PROVIDED MATERIAL Block Start
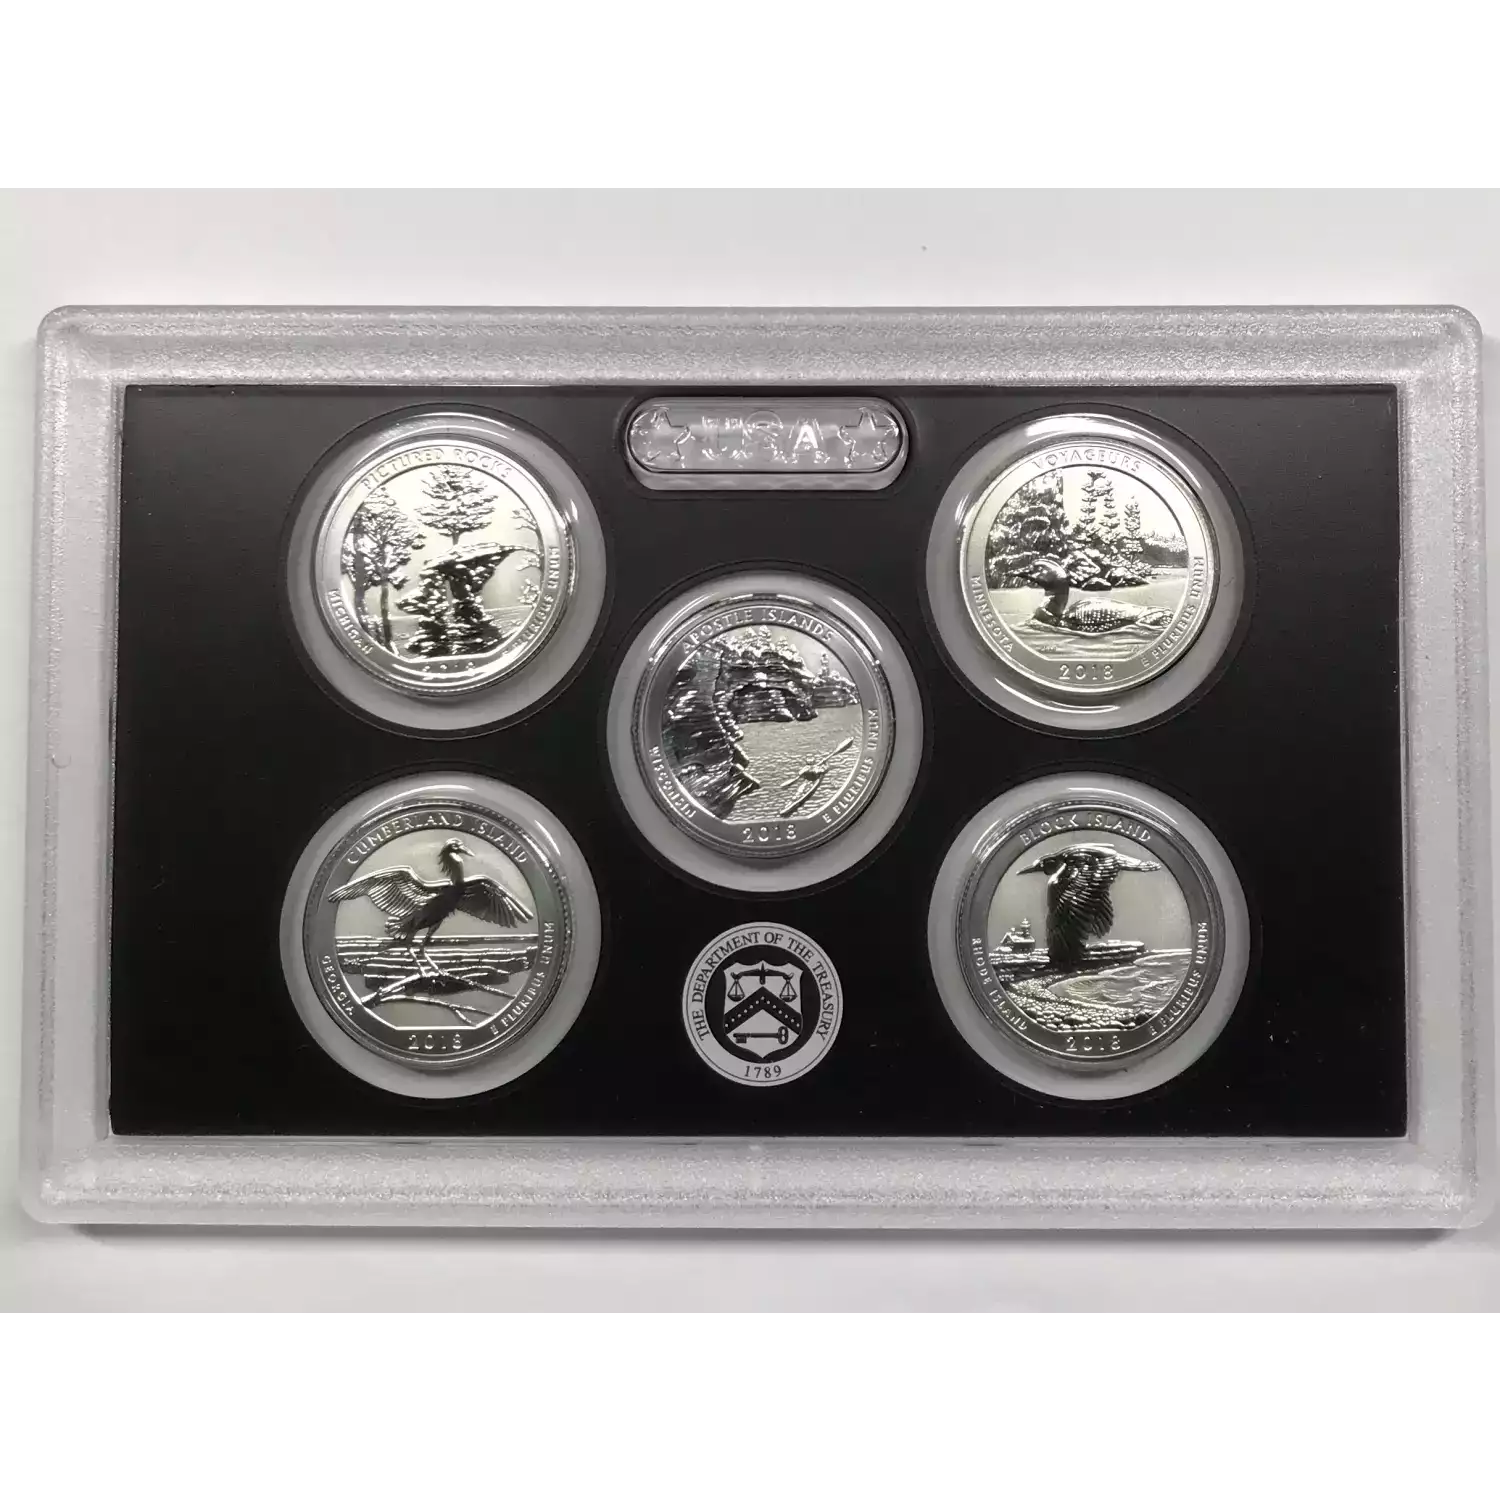 2018-S US San Francisco Mint Silver Reverse Proof Set w OGP - Box & COA
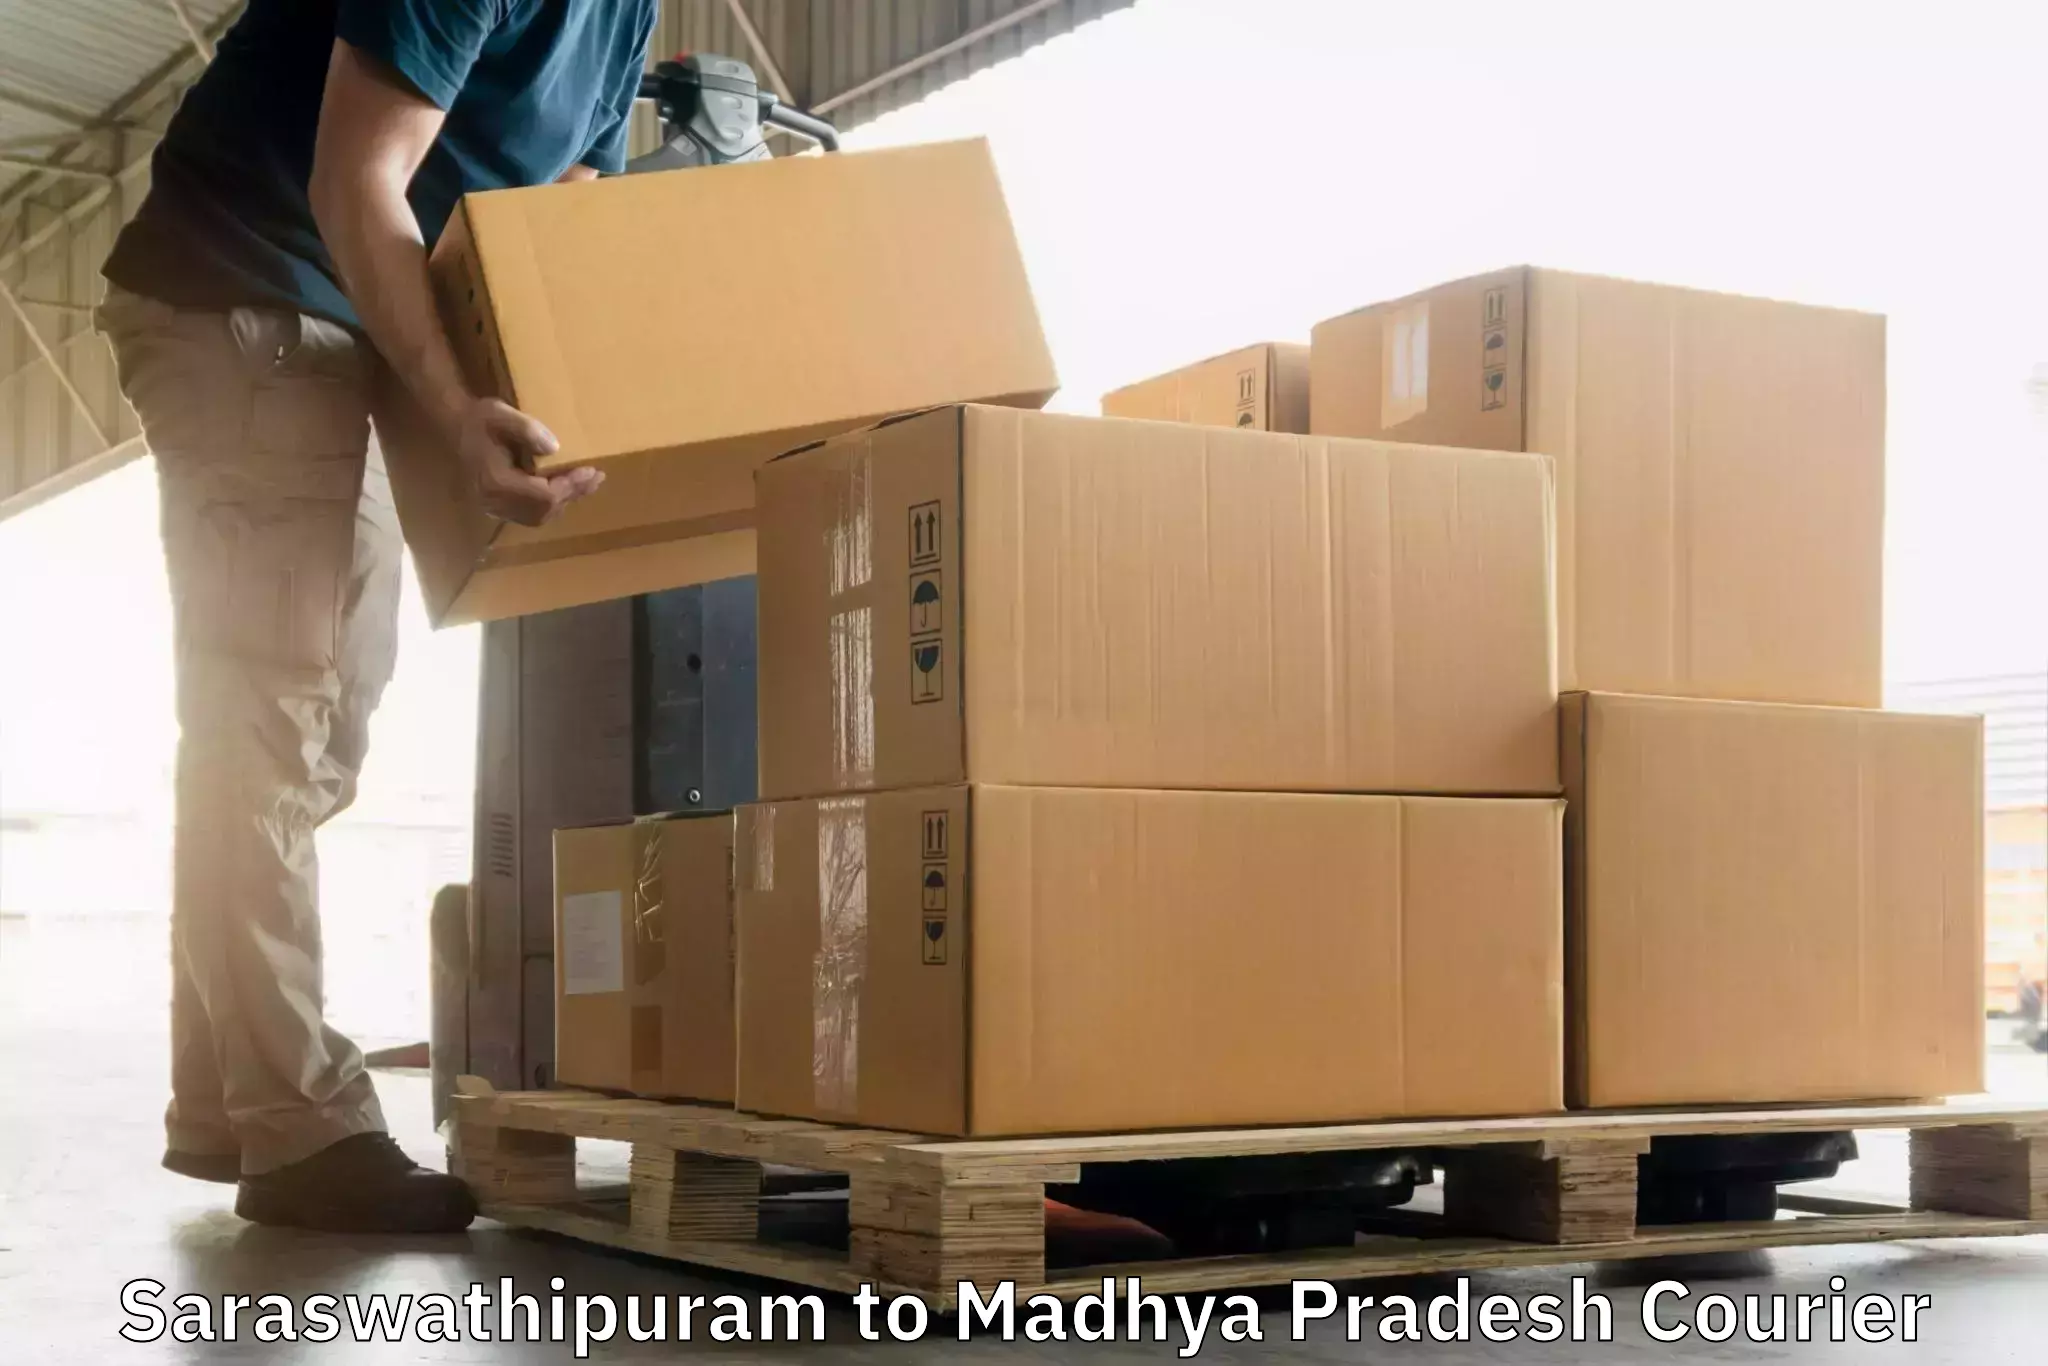 Courier service partnerships Saraswathipuram to Madhya Pradesh
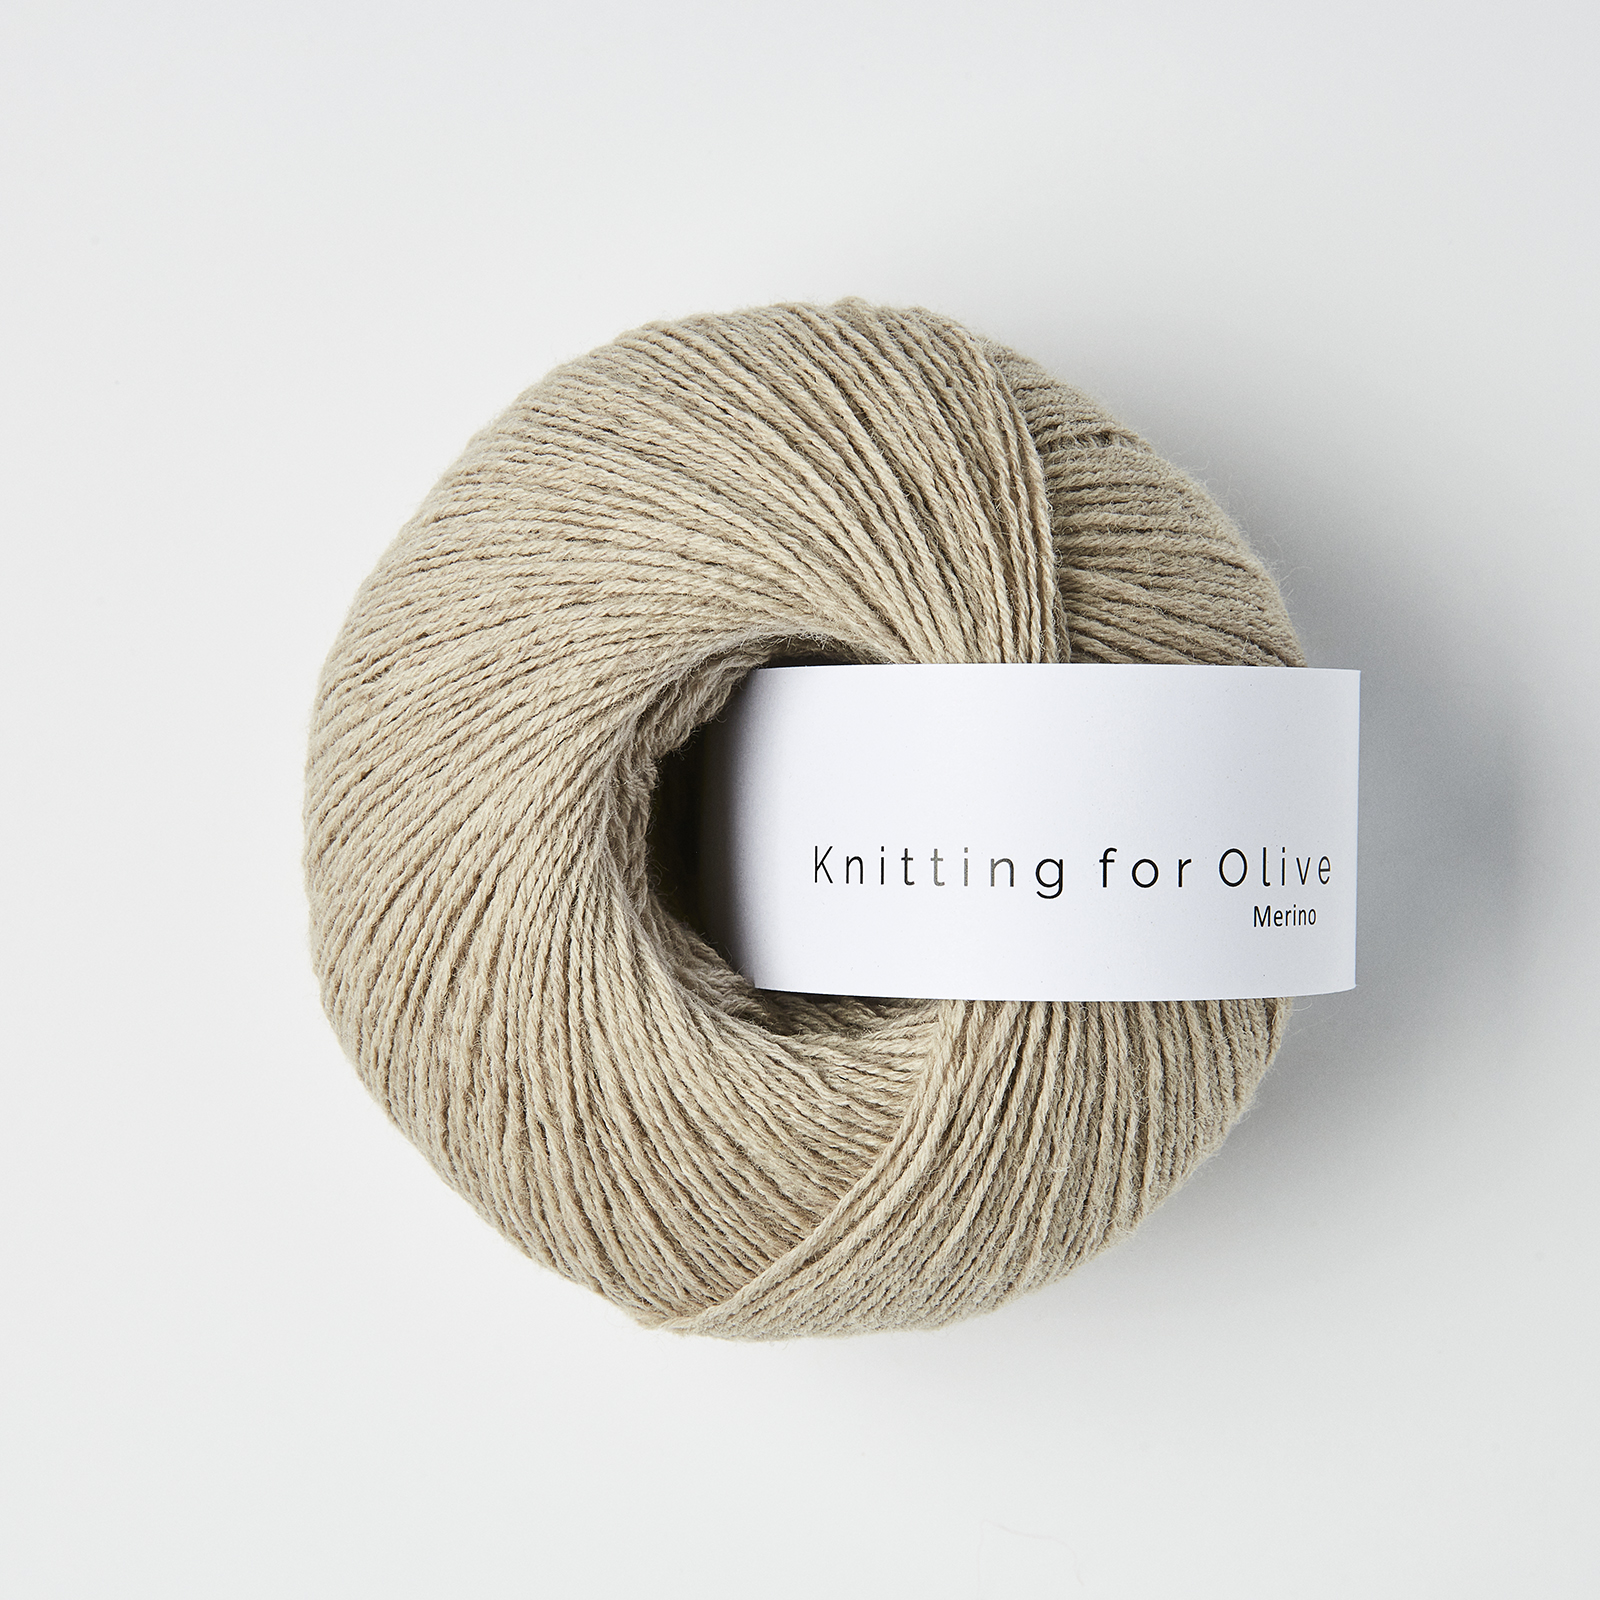 Merino (Knitting for Olive): nordic beach
PROVIDED MATERIAL Block End
▶ [WORK INSTRUCTION]:
Are you able to set down all the lines above exactly, without any pictures?

▶ [OUTPUT OF THE EXERCISE]:
 2018-S US San Francisco Mint Silver Reverse Proof Set w OGP - Box & COA
 Courier service partnerships Saraswathipuram to Madhya Pradesh
 Merino (Knitting for Olive): nordic beach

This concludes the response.